Изменить стиль страницы

— Похоже, рептилии являются хозяевами этой планеты, — сказал он. — А это значит, что млекопитающих здесь либо нет, либо они очень мелкие.

— Рептилии — в ледниковый период? — скептически заметил Фернандес.

— Хм… строго говоря, это не совсем рептилии. Поскольку существует смена теплых и холодных сезонов, у них должны быть теплая кровь и хорошо развитое сердце. Но способ размножения у них наверняка не плацентарный.

— Это еще одно доказательство отсутствия здесь разумной жизни, — возбужденно сказал Лоренцен. — Планета ждет нас, людей!

— Да… ждет, — с грустью заметил Эвери. — Ждет наших шумных городов, грязных шахт, дорог, ради которых чудесные пейзажи попадут под асфальтоукладывающие машины.

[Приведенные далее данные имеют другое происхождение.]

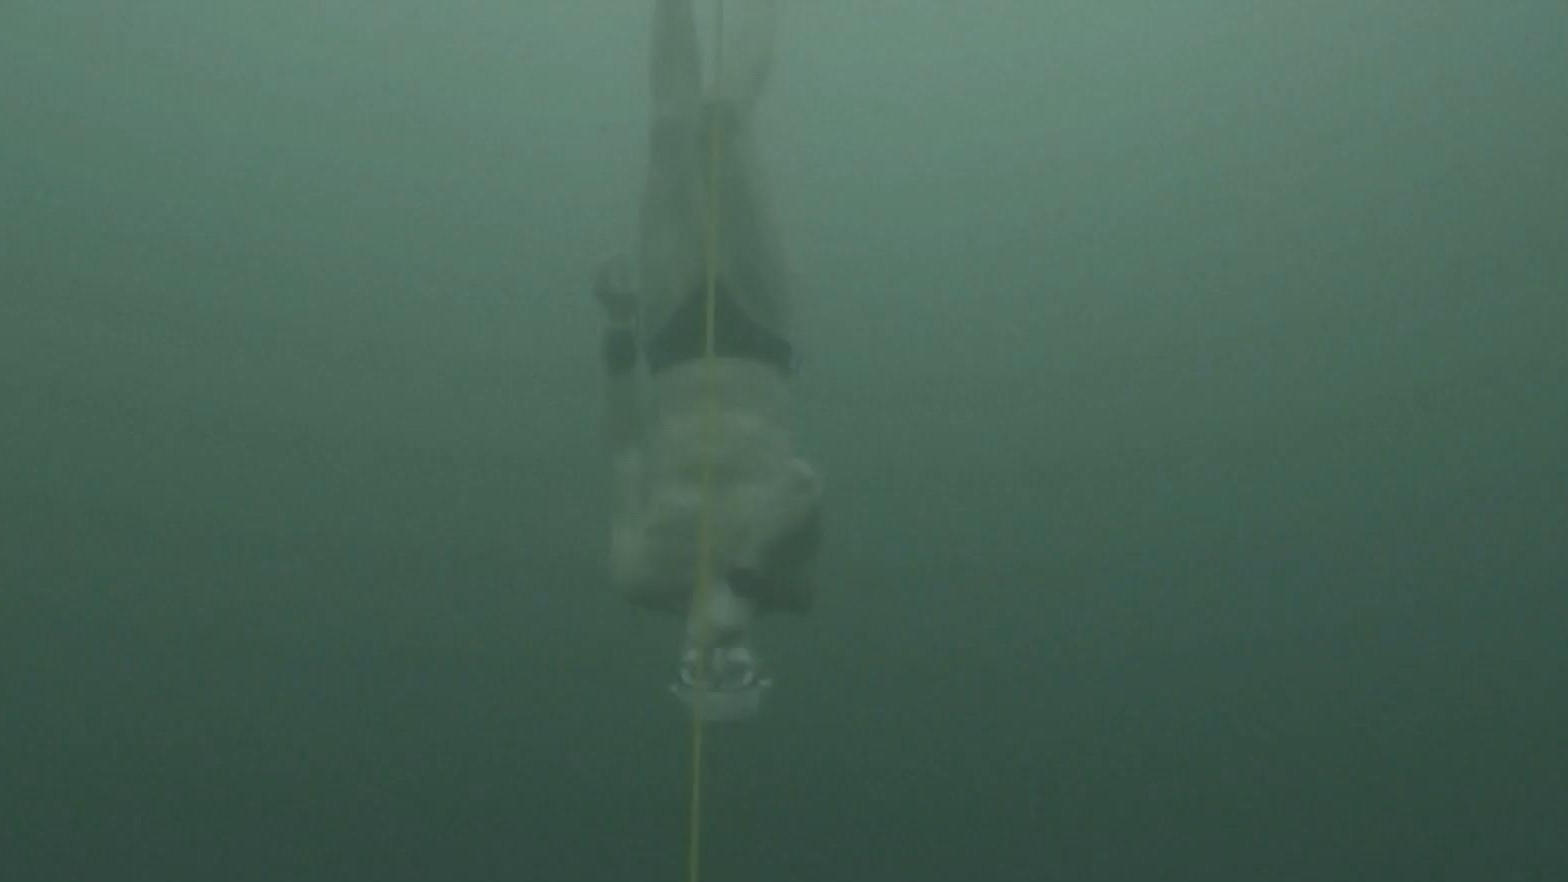 Eistaucher spuckt Blut - und bricht Rekord 52 Meter tief ohne Neoprenanzug

Ждет толпы людей, которые вытопчут зеленые равнины и загадят хрустально-чистые реки. А чуть позже здесь появятся тысячи земных собак, свиней, коров, и местной живности придется уносить ноги.

— Вы не любите человечество, Эд? — саркастически спросил Кемаль. — Это странно для человека вашей профессии.

— Я люблю человечество — когда оно у себя дома, на Земле, — улыбнулся Эвери. — Не обращайте внимания на мои слова.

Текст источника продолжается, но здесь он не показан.